__Data to process__
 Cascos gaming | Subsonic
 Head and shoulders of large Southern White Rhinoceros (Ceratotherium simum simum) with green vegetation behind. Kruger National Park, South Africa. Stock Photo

---

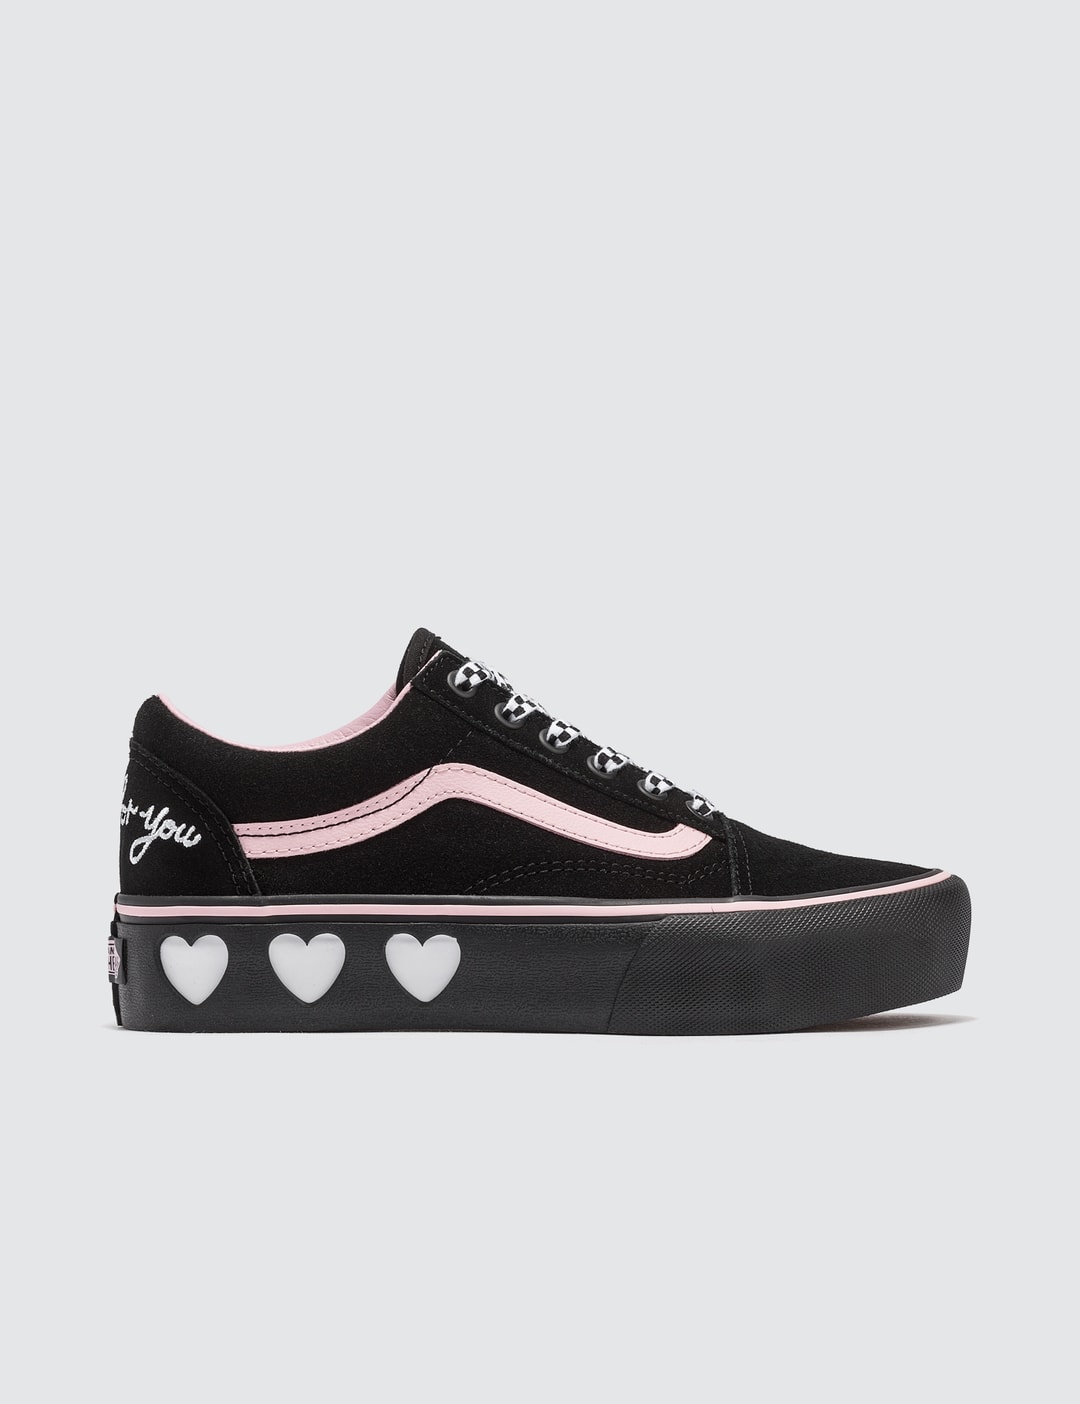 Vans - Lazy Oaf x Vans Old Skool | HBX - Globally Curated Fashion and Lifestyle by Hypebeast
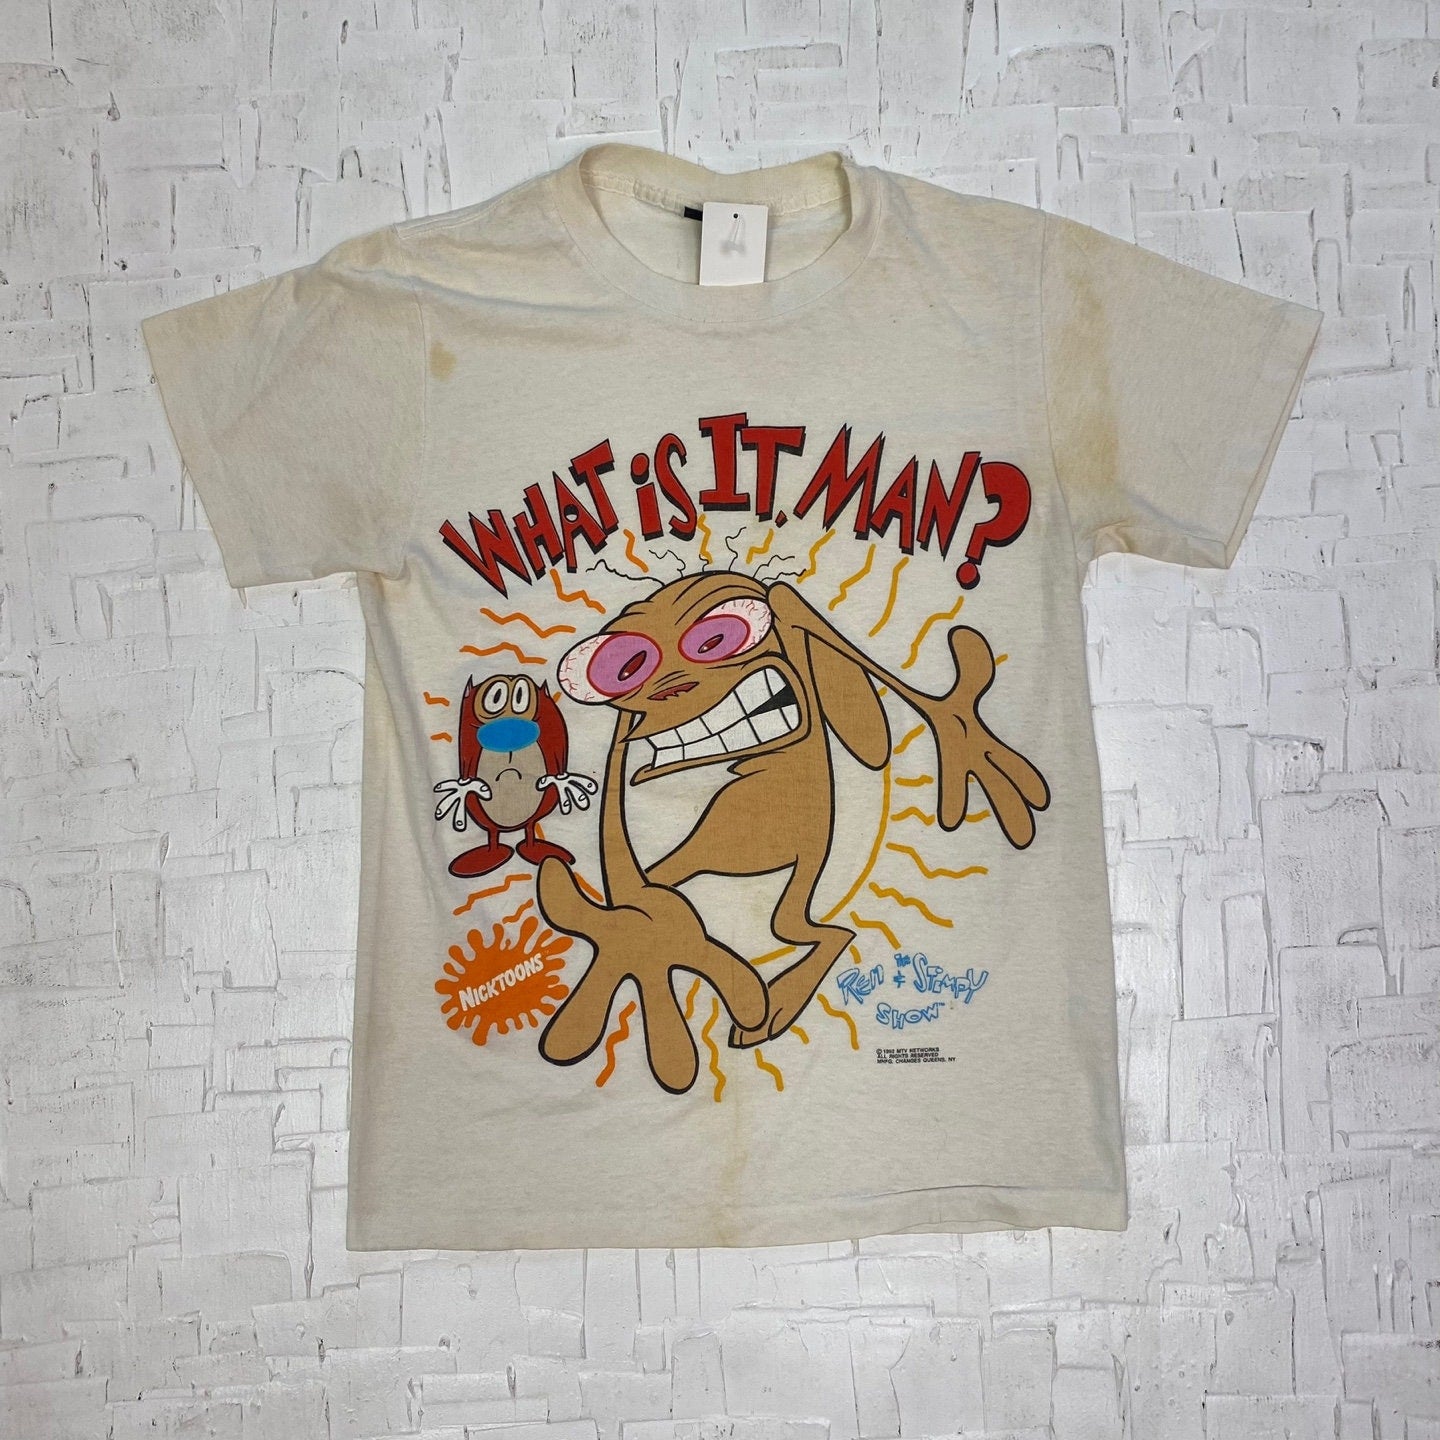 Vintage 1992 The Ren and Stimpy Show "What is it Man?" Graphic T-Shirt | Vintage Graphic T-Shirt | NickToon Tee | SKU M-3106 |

__Exercise prompt__
The line above containing "Cascos gaming | Subsonic", the line containing "Head and shoulders", and every line between them are to be transcribed exactly; no other line is wanted.

__Worked solution__
 Cascos gaming | Subsonic
 Head and shoulders of large Southern White Rhinoceros (Ceratotherium simum simum) with green vegetation behind. Kruger National Park, South Africa. Stock Photo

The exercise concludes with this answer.